The boys looked in admiration upon so much respectability, powder, age, and gold cane united in one person.
But all the boys were in love with the golden-haired grand-daughter. They went home to talk about her. They went to bed to dream of her. They read Mary Lamb's stories from Shakespeare, and Hope Wayne was Ophelia, and Desdemona, and Imogen--above all others, she was Juliet. They read the "Arabian Nights," and she was all the Arabian Princesses with unpronounceable names. They read Miss Edgeworth--"Helen," "Belinda."--"Oh, thunder!" they cried, and dropped the book to think of Hope.

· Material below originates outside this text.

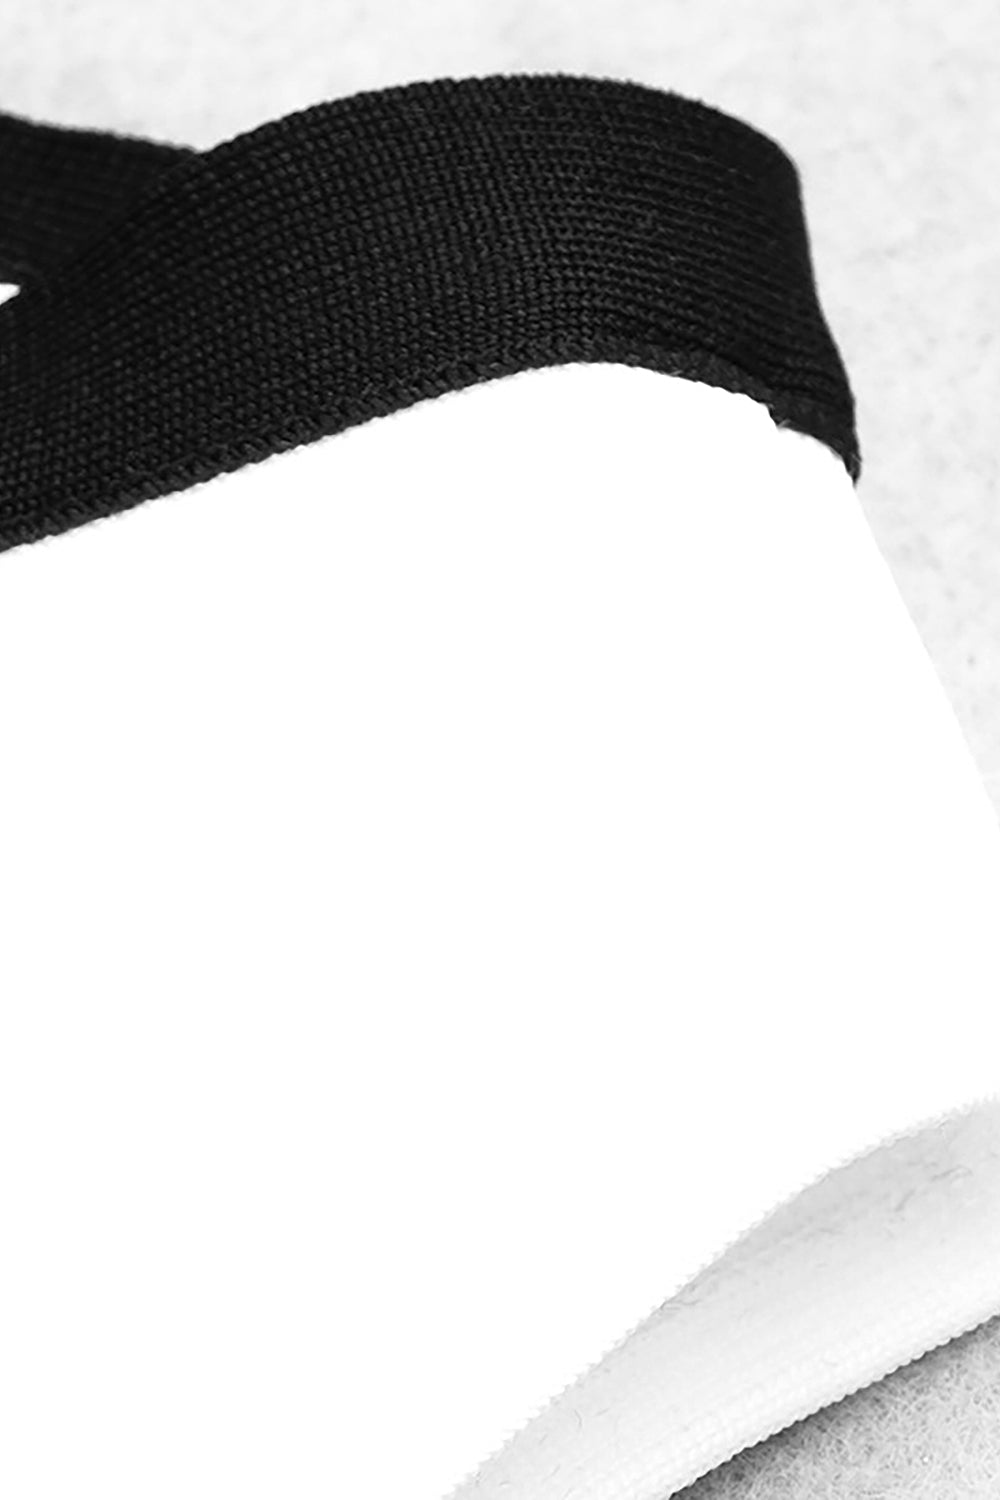 Vestido Bandagem Bodycon Colorblock Preto Branco Sem Mangas

Hope Wayne was not unconscious of the adoration she excited. If a swarm of school-boys can not enter a country church without turning all their eyes toward one pew, is it not possible that, when a girl comes in and seats herself in that pew, the very focus of those burning glances, even Dr. Peewee may not entirely distract her mind, however he may rivet her eyes? As she takes her last glance at the Sunday toilet in her sunny dressing-room at home, and half turns to be sure that the collar is smooth, and that the golden curl nestles precisely as it should under the moss rose-bud that blushes modestly by the side of a lovelier bloom--is it not just supposable that she thinks, for a wayward instant, of other eyes that will presently scan that figure and face, and feels, with a half-flush, that they will not be shocked nor disappointed?
There was not a boy in Mr. Gray's school who would have dared to dream that Hope Wayne ever had such a thought. When she appeared behind Grandfather Burt and the gold-headed cane she had no more antecedents in their imaginations than a rose or a rainbow. They no more thought of little human weaknesses and mundane influences in regard to her than they thought of cold vapor when they looked at sunset clouds.
During the service Hope sat stately in the pew, with her eyes fixed upon Dr. Peewee. She knew the boys were there. From time to time she observed that new boys had arrived, and that older ones had left. But how she discovered it, who could say?